Закурив на ходу, я пустил за собой густой шлейф дыма. И словно увидел его со стороны: прежде чем он развеется, как эхо наших поступков, будет клубиться, с нервными завихрениями поглощая пространство и атакуя окружающих.

— …Не мучайся так, — сказала она, будто подытоживая долгий разговор, когда мы вынырнули из мрачного свода в уютный, ополосканный солнцем дворик. — Ты же сам всё понимаешь.

— А я и не мучаюсь, — солгал я, скорее, себе, чем спутнице. — С чего ты взяла?

— Ты напряжён.

— Тебе показалось. Я давно разучился напрягаться. Напрягаться душой в переживаниях — ты же об этом?

— Хм… А вот я — наоборот. Как натянутая струна. Как подвесной мост между берегами, перегруженный выше всякой нормы. Видно человеку… то есть мне, не суждено жить так спокойно и уютно, как живётся домашней кошке у нормальной любящей хозяйки. А хочется.

— Смени хозяйку.

— Судьбу не выбирают.

На болотной зелени стены дома жёлтой автоэмалью было с чувством, размашисто выведено:

Бердяй — скупердяй!!!
— Так же, как не могут стереть память. Или отключить её тайной кнопкой. Вот и живут с ней годы, как с железным осколком в теле. Который ворочается. И вызывает боль до умопомрачения. Я замолчал.

Её шаг чуть сбился. Но после короткой паузы она решила закончить свою мысль.

— Если представить судьбу, как какую­то шахту или подземный ход, по которому без выбора приходиться идти, то остаётся только ждать и надеяться, что где­то в её закоулках и переходах окажется та самая дверь…

— С нарисованным очагом бумажным…

— За которой… Ну вот, съехидничал и сбил с мысли! У тебя дома есть лимонад?


Это была наша первая встреча, которую нельзя назвать первой. Никто не считает, когда ты первый раз заснул или вздохнул. Возможно, и то, и другое вовсю происходило с весельчаком­эмбрионом в утробе. И, наверное, не встреча. Спроси ребёнка — он скажет: встреча — это когда люди были врозь и вдруг оказались вместе. А у нас не было ни врозь, ни вдруг, ни вместе… Как на фотобумаге, опущенной в проявитель, проступает и обозначается нечто, доселе невидимое, но имевшее место быть задолго до чудесного явления. Никто не знает, где начало и конец нашего с ней сосуществования.

Это было наше знакомство, которое нельзя назвать знакомством. Знакомство — это когда ты начинаешь кого­то «знать». Мы ничего не хотели знать друг о друге, потому, что более того, что мы уже знали, знать было бесполезно и даже вредно.

По крайней мере, таково было тонкое, неприметное, но ясное ощущение, подтверждаемое буднями.
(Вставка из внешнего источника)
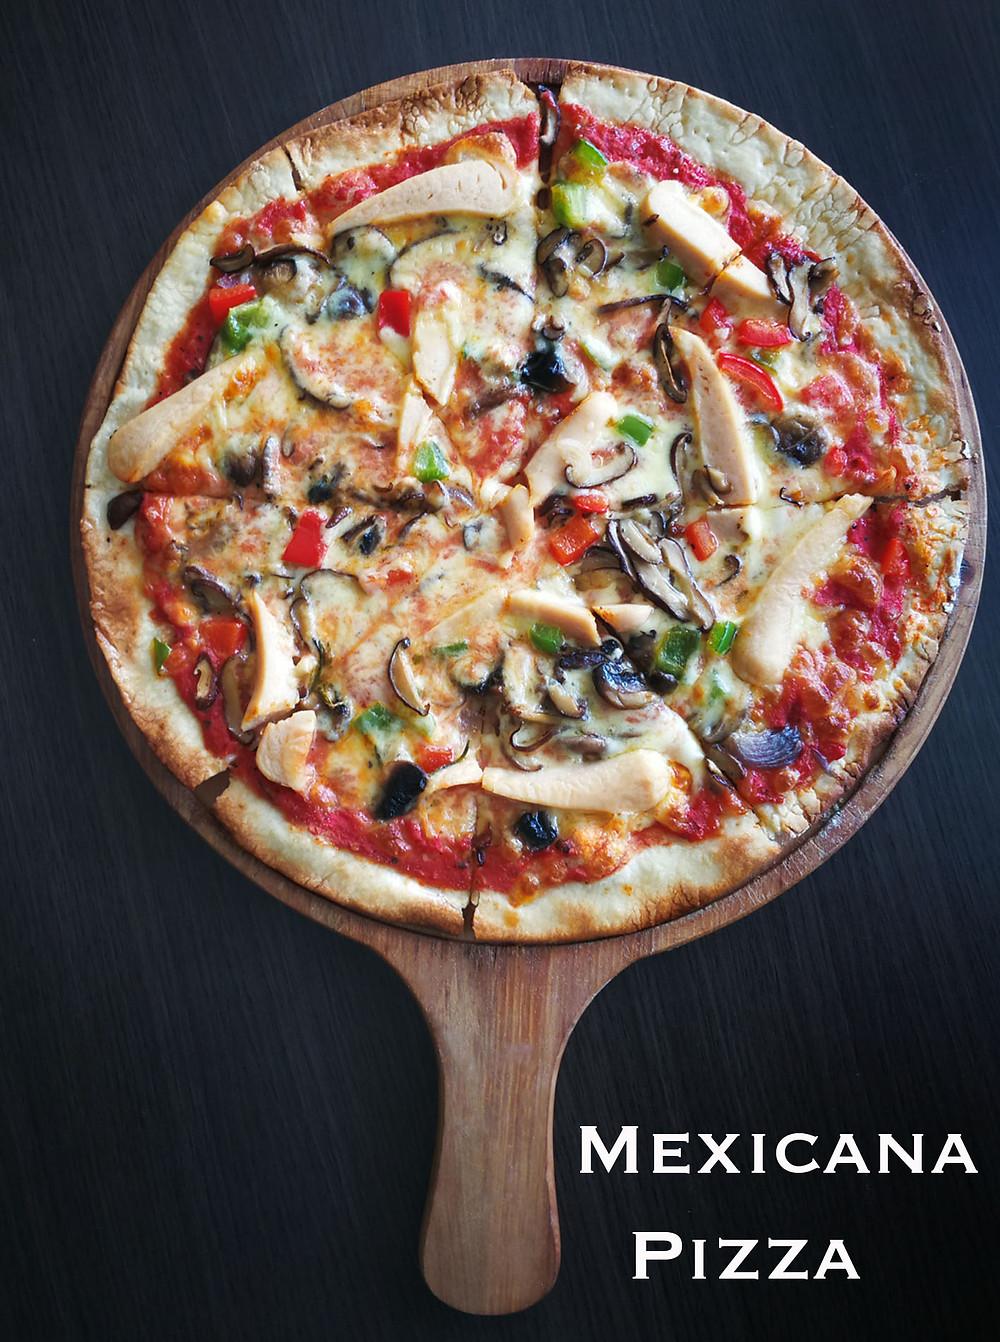 serembanonline photograph of Mexicana Pizza at MoVida, d'Tempat Country Club at Sendayan by photographer Nic Falconer nicaliss

Одноподъездный дом, в котором я несколько лет назад скупил весь второй (и последний!) этаж, располагался в старом городе — не люблю я эти «спальные» районы, равно как и элитные скворечники с консьержками, витающим духом показухи и поспешающим за ней многооким взором зависти. На этаже жило пять семей в малюстенных комнатках на общую кухню. Одна из семей — я. Сначала съехали приличные Васильевы (эти единственные занимали поистине огромную залу). И дом оглох: канарейка, наглый кот, четверо детей, отрок­племянник и трое взрослых разом свернули балаган. Я тут же выкупил залу. Осталась бабушка Настасья, инвалид­алкоголик Тимофеич и Ирина Львовна, одинокая учительница физики и астрономии. Бабушку Настасью перевезли к себе дети, а комнатку продали мне. Алкоголик Тимофеич скончался с похмелья — мне удалось оформить жильё на себя. Ирина Львовна, легко меня соблазнявшая от тоски, так и не смогла обратить импульсивный секс в надёжный, привычный, стабильный брак. Со мной. И вскоре вышла замуж за молоденького учителя истории. Молодожёны, было, перебрались к Ирине Львовне. Но приехала мама — условия жизни в «затхлой клопоморильне» не способствовали, по мнению свекрови, созданию молодой семьи — и …добавила сыну и снохе денег на покупку отдельной однокомнатной квартиры. А комната Ирины Львовны стала последним моим приобретением. Как ни странно, сделки обошлись для моего кошелька очень гуманно.


Я снёс почти все стены, оставил лишь несущие. И (о чудо!) обнаружил колонны! Ремонт встал также не обременительно. Что­то «своими руками», где­то из подручных или «левых» материалов — получилась довольно стильная и комфортная хибара. Простор, уют и функциональность — три кита моего обитания в ближайшей экосфере.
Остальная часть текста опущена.